RideWave is a large ride-hailing marketplace (~8M monthly active riders) that recently shipped a redesigned “Schedule a Ride” flow. The team ran a 14-day A/B test and also collected post-ride NPS surveys with an open-text prompt: “What’s the main reason for your score?”.
Leaders are debating whether the redesign improved the experience because of qualitative feedback (themes in text like “confusing UI” or “pricing transparency”) or because it actually changed quantitative outcomes (conversion and NPS score). Your job is to connect the two: show you understand the difference between qualitative vs quantitative data, and demonstrate how to rigorously analyze both in one experiment.
A text-analytics pipeline (human-labeled + model-assisted) assigns each comment a binary indicator for whether it mentions the theme “confusing UI”. You are told the classifier has precision = 0.90 and recall = 0.80 for that theme, and performance is stable across variants.
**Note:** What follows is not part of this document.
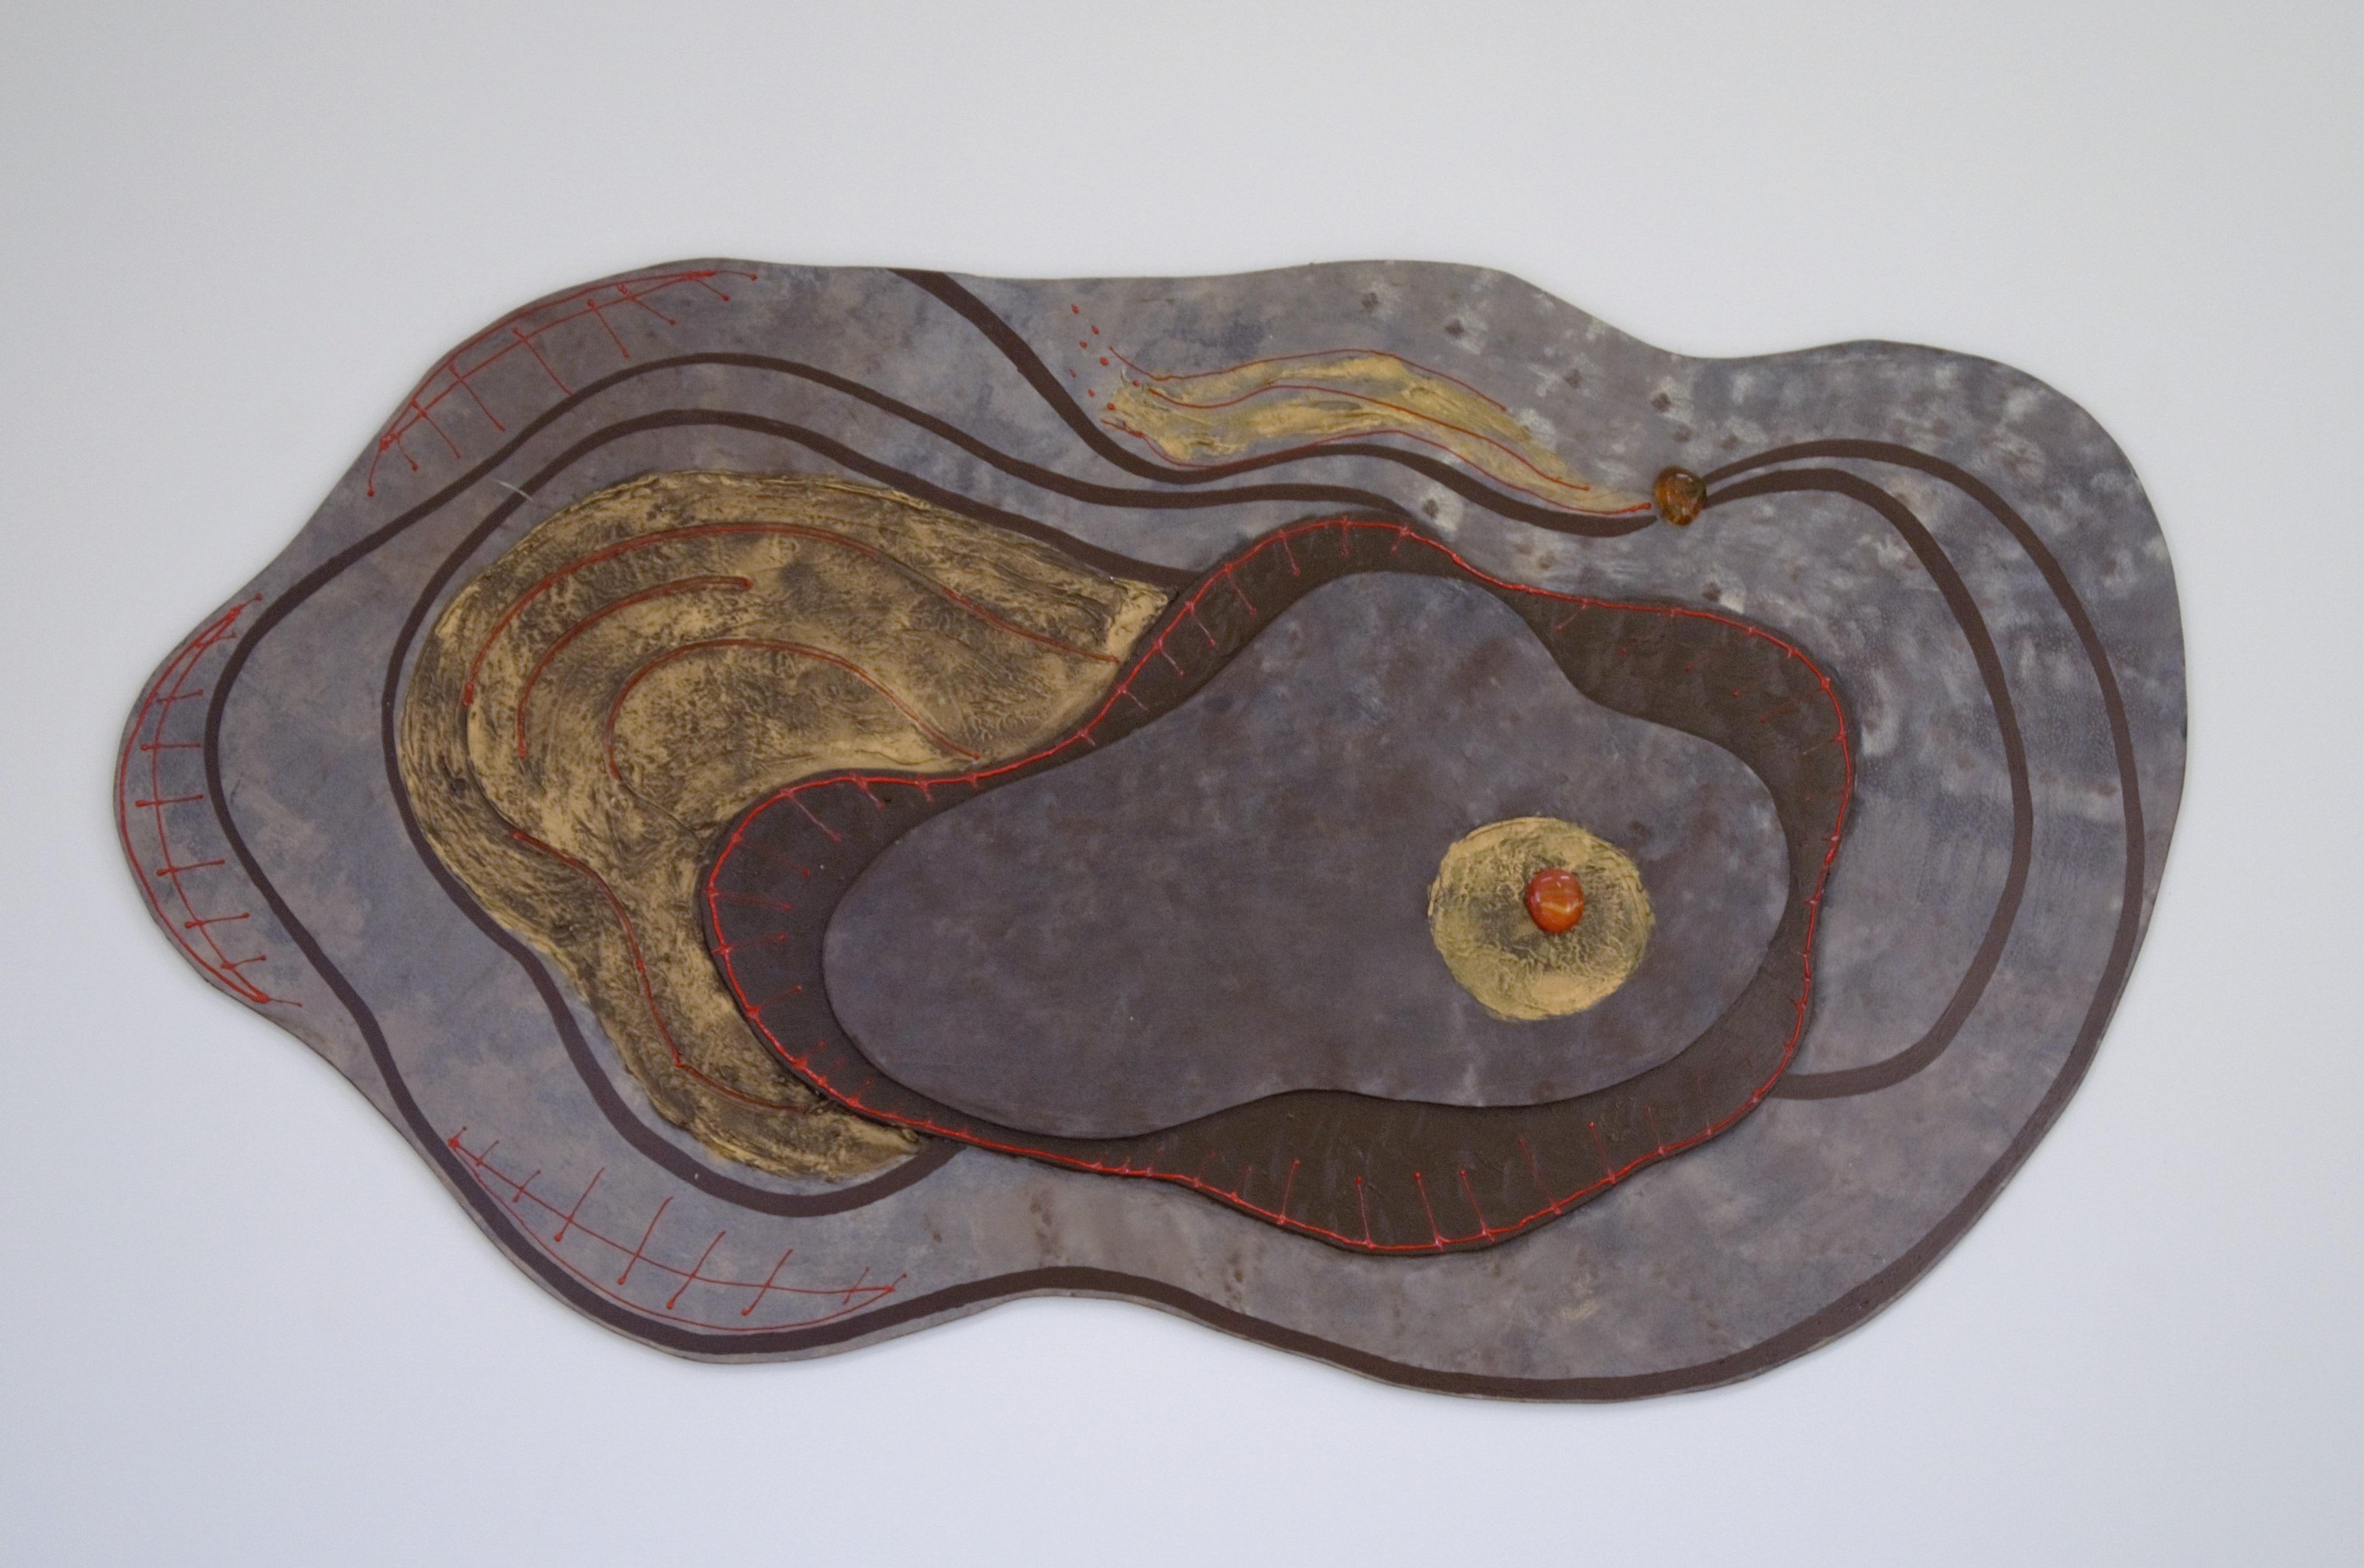 Gambar Abstrak Kayu Dekorasi Geometris Keramik Bahan

| Metric | Control (A) | Treatment (B) |
|---|---|---|
| Eligible sessions (n) | 120,480 | 119,920 |
| Completed scheduled rides (conversions) | 14,458 | 15,110 |
| NPS responses (m) | 18,240 | 18,010 |
| Mean NPS score | 34.6 | 36.1 |
| Std dev of NPS score | 28.0 | 27.5 |
| Comments flagged “confusing UI” (observed) | 2,190 | 1,845 |
Additional info: each session belongs to a unique user (no repeated measures), randomization is at the user level, and you can treat NPS scores as approximately continuous for inference.
You need to decide whether the redesign should roll out globally. Do this by (a) clearly distinguishing qualitative vs quantitative data in this setting, and (b) running appropriate statistical tests on the quantitative summaries while accounting for measurement error in the qualitative theme label.